For development, you can run services locally using uv:

```bash
# Install dependencies
uv sync

# Start individual services
make local.server # Whisper Web server
make local.cli # CLI client
make local.upload # Streamlit upload app
make local.viewer # Streamlit viewer app

# Start combined services
make local.run-cli # Server + CLI + Viewer
make local.run-upload # Server + Upload app
```

## Troubleshooting

### Build Issues

1. **Docker build cache lock errors:**
```bash
# Clear build cache and retry
make docker.clean
make docker.build-all
```

2. **CUDA build failures:**
```bash
# Verify NVIDIA Docker runtime
docker run --rm --gpus all nvidia/cuda:12.8.1-base-ubuntu22.04 nvidia-smi

# Check CUDA availability
nvidia-smi
```

### Service Status and Connectivity

1. **Check service status:**
```bash
docker compose ps
docker compose logs server-cpu # or server-cuda
curl -f http://localhost:8000/status
```

2. **Network connectivity issues:**
```bash
# Test internal network connectivity
docker compose exec streamlit-upload curl -f http://server-cpu:8000/status

# Check port bindings
docker compose port server-cpu 8000
```

### Common Issues

1. **Models not downloading:**
- Check internet connection and disk space
- Verify `.models` directory permissions
- Check HuggingFace Hub connectivity

2. **GPU not detected:**
- Verify NVIDIA Docker runtime installation
- Check CUDA_VISIBLE_DEVICES environment variable
- Ensure GPU has sufficient memory (4GB+ recommended)
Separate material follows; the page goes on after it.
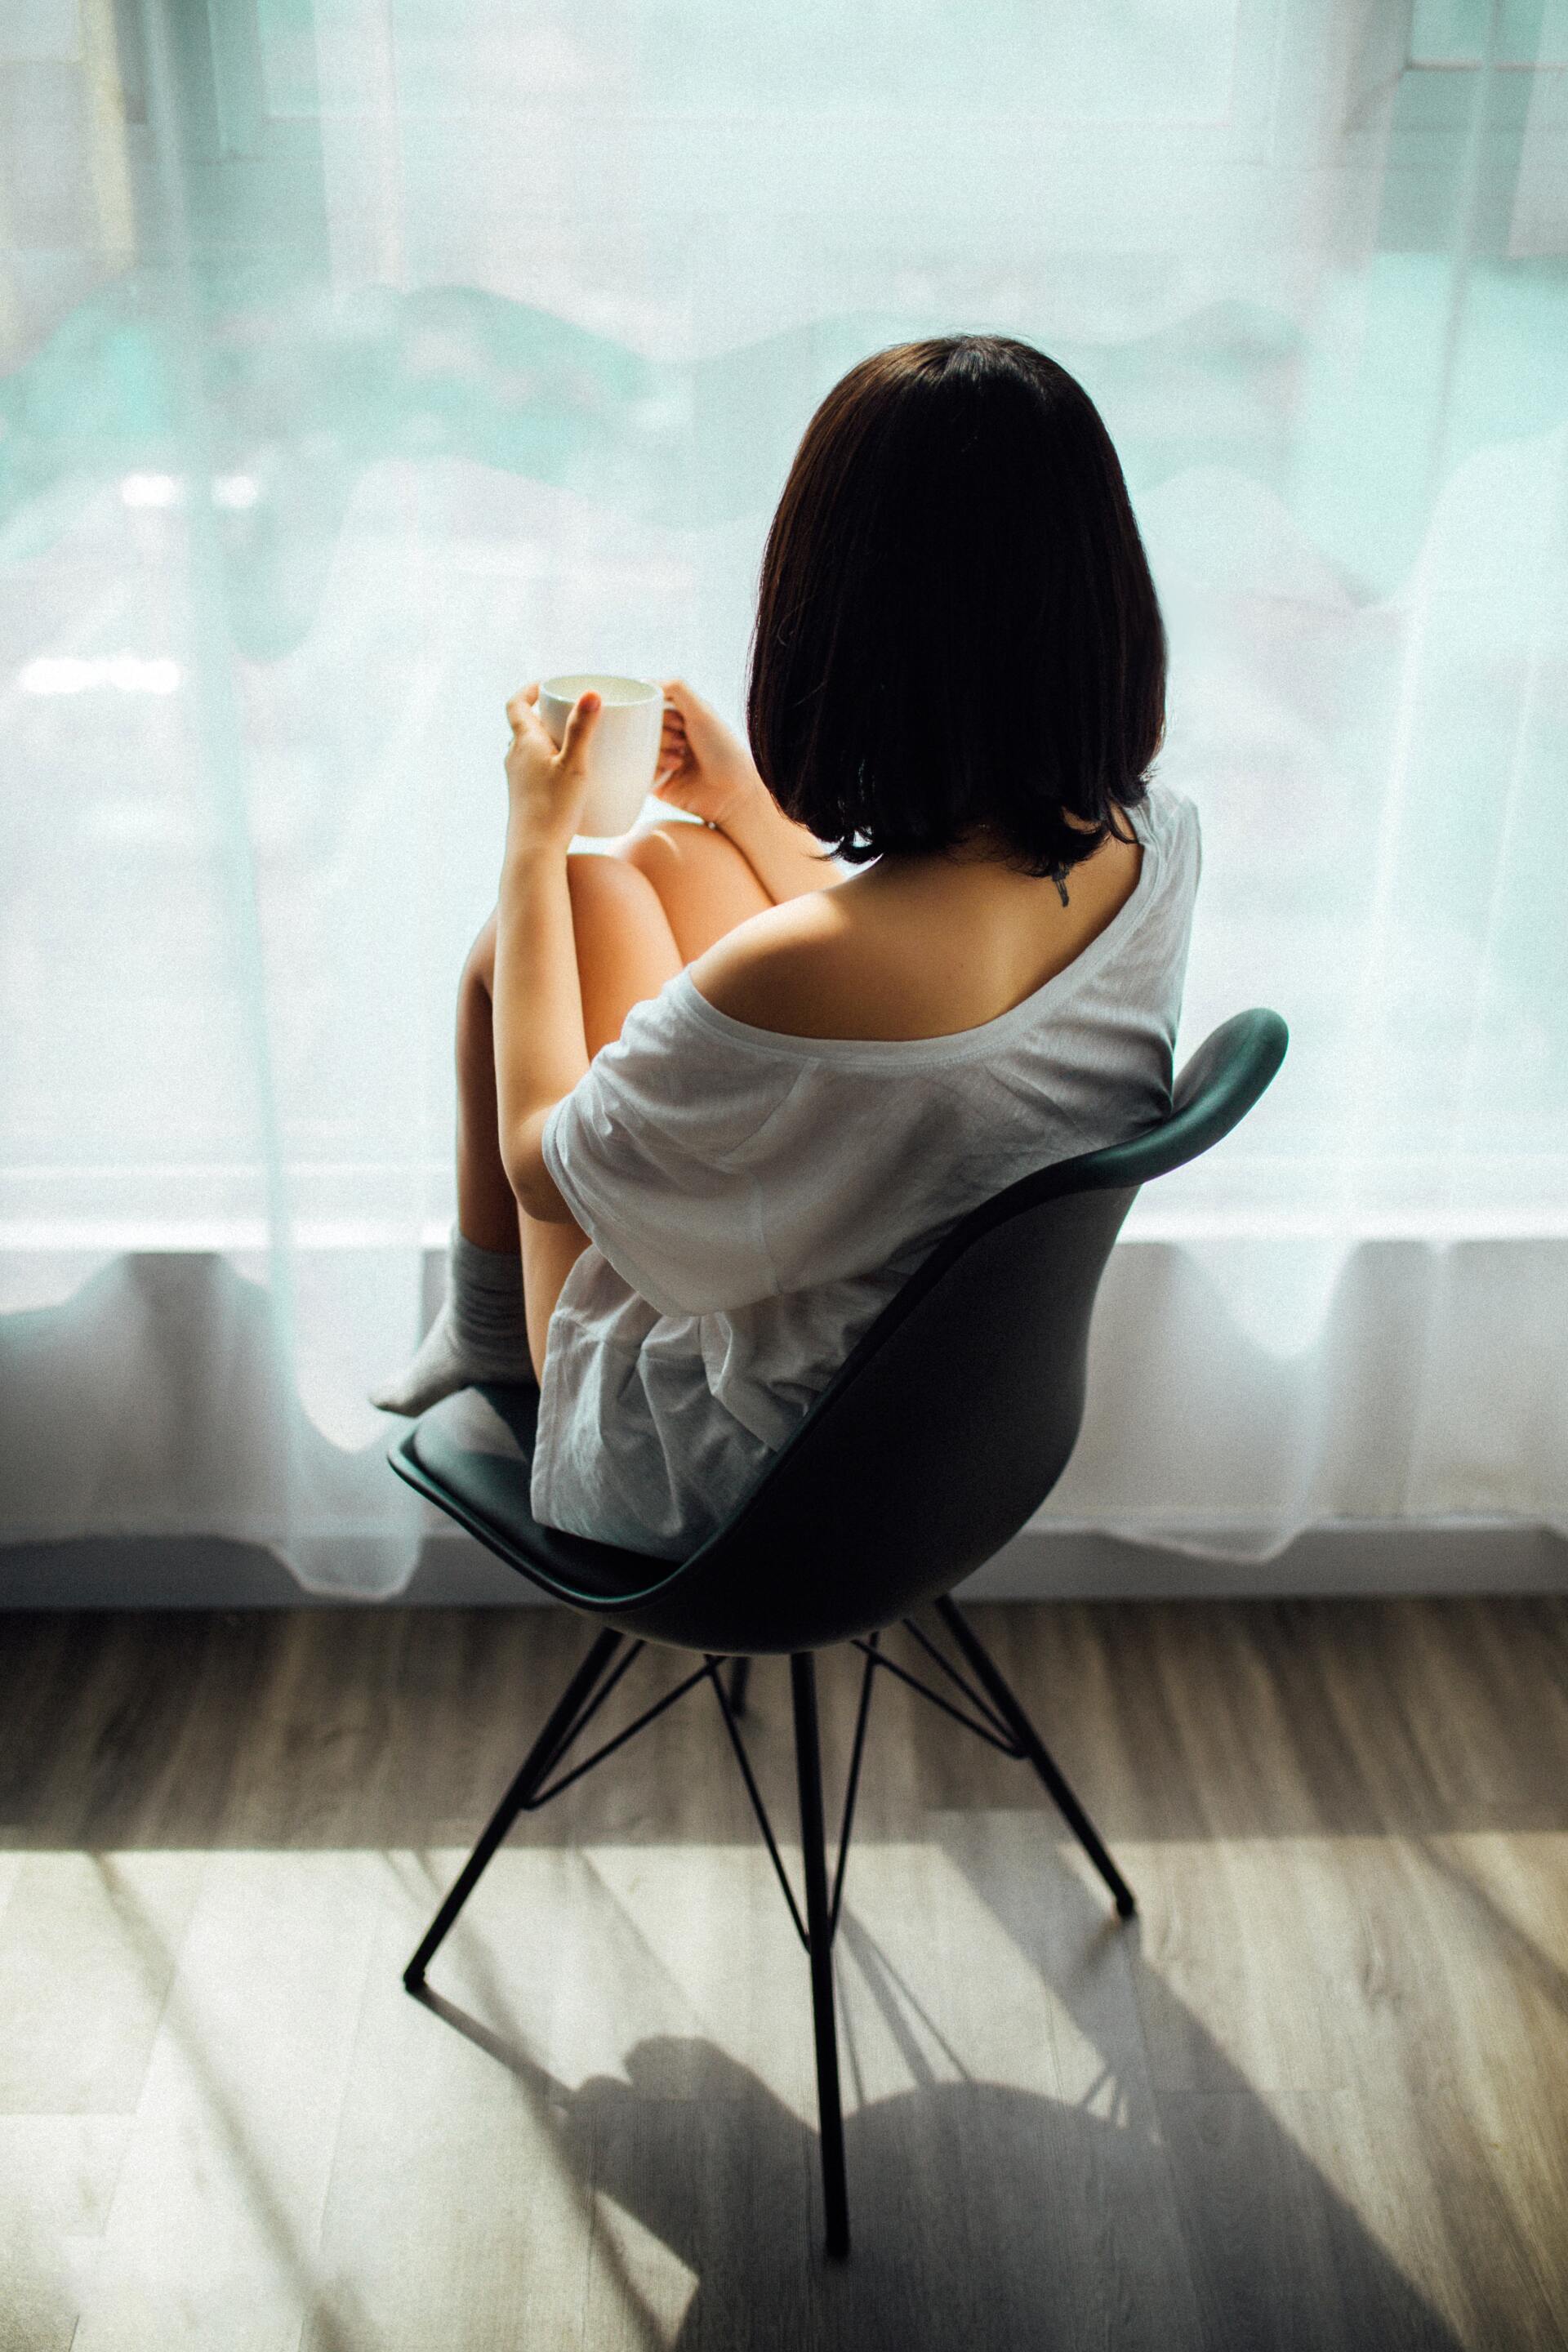 Someone sitting on a chair. Lonely. This image represents how lonely living with chronic illness can be. Miami therapist describes ways to reduce loneliness.

3. **Streamlit apps not loading:**
- Check browser permissions for WebRTC features
- Verify server status and connectivity
- Check firewall settings for ports 8501/8502

4. **Port conflicts:**
- Modify port mappings in docker-compose.yml or .env file
- Check for other services using ports 8000, 8501, 8502

5. **Memory issues:**
- Increase Docker memory limits
- Use smaller Whisper models (tiny, base, small)
- Monitor container resource usage with `docker stats`

### Performance Optimization

1. **GPU Support for server-cuda:**
```yaml
server-cuda:
deploy:
resources:
reservations:
devices:
- driver: nvidia
count: 1
capabilities: [gpu]
limits:
memory: 8G
```

2. **Memory Limits:**
```yaml
server-cpu:
mem_limit: 4g
memswap_limit: 4g

server-cuda:
mem_limit: 8g
memswap_limit: 8g
```

3. **Model Configuration:**
- Use appropriate model sizes for your hardware

## Monitoring and Maintenance

### Health Checks
All services include comprehensive health checks:

**Server Health:**
```bash
# Check server status
curl -f http://localhost:8000/status
curl -f http://localhost:8000/sessions

# Monitor via Docker
docker compose ps
docker compose logs -f server-cpu # or server-cuda
```

**Streamlit App Health:**
```bash
# Check Streamlit health endpoints
curl -f http://localhost:8501/_stcore/health
curl -f http://localhost:8502/_stcore/health
```

**System Resource Monitoring:**
```bash
# Monitor container resource usage
docker stats

# Check disk usage for models
du -sh .models/
docker system df
```

### Log Management
```bash
# View logs for all services
make docker.logs

# View logs for specific services
docker compose logs -f server-cpu
docker compose logs -f streamlit-upload
docker compose logs -f cli

# Export logs to file
docker compose logs --no-color > whisper-web.log

# Follow logs with timestamps
docker compose logs -f -t
```

## Security Considerations

1. **Network isolation:** Services communicate through internal Docker network
2. **Volume mounts:** Only necessary directories are mounted
3. **User permissions:** Client runs as non-root user when possible

This deployment provides a complete, scalable solution for the Whisper Web transcription system with proper containerization and networking.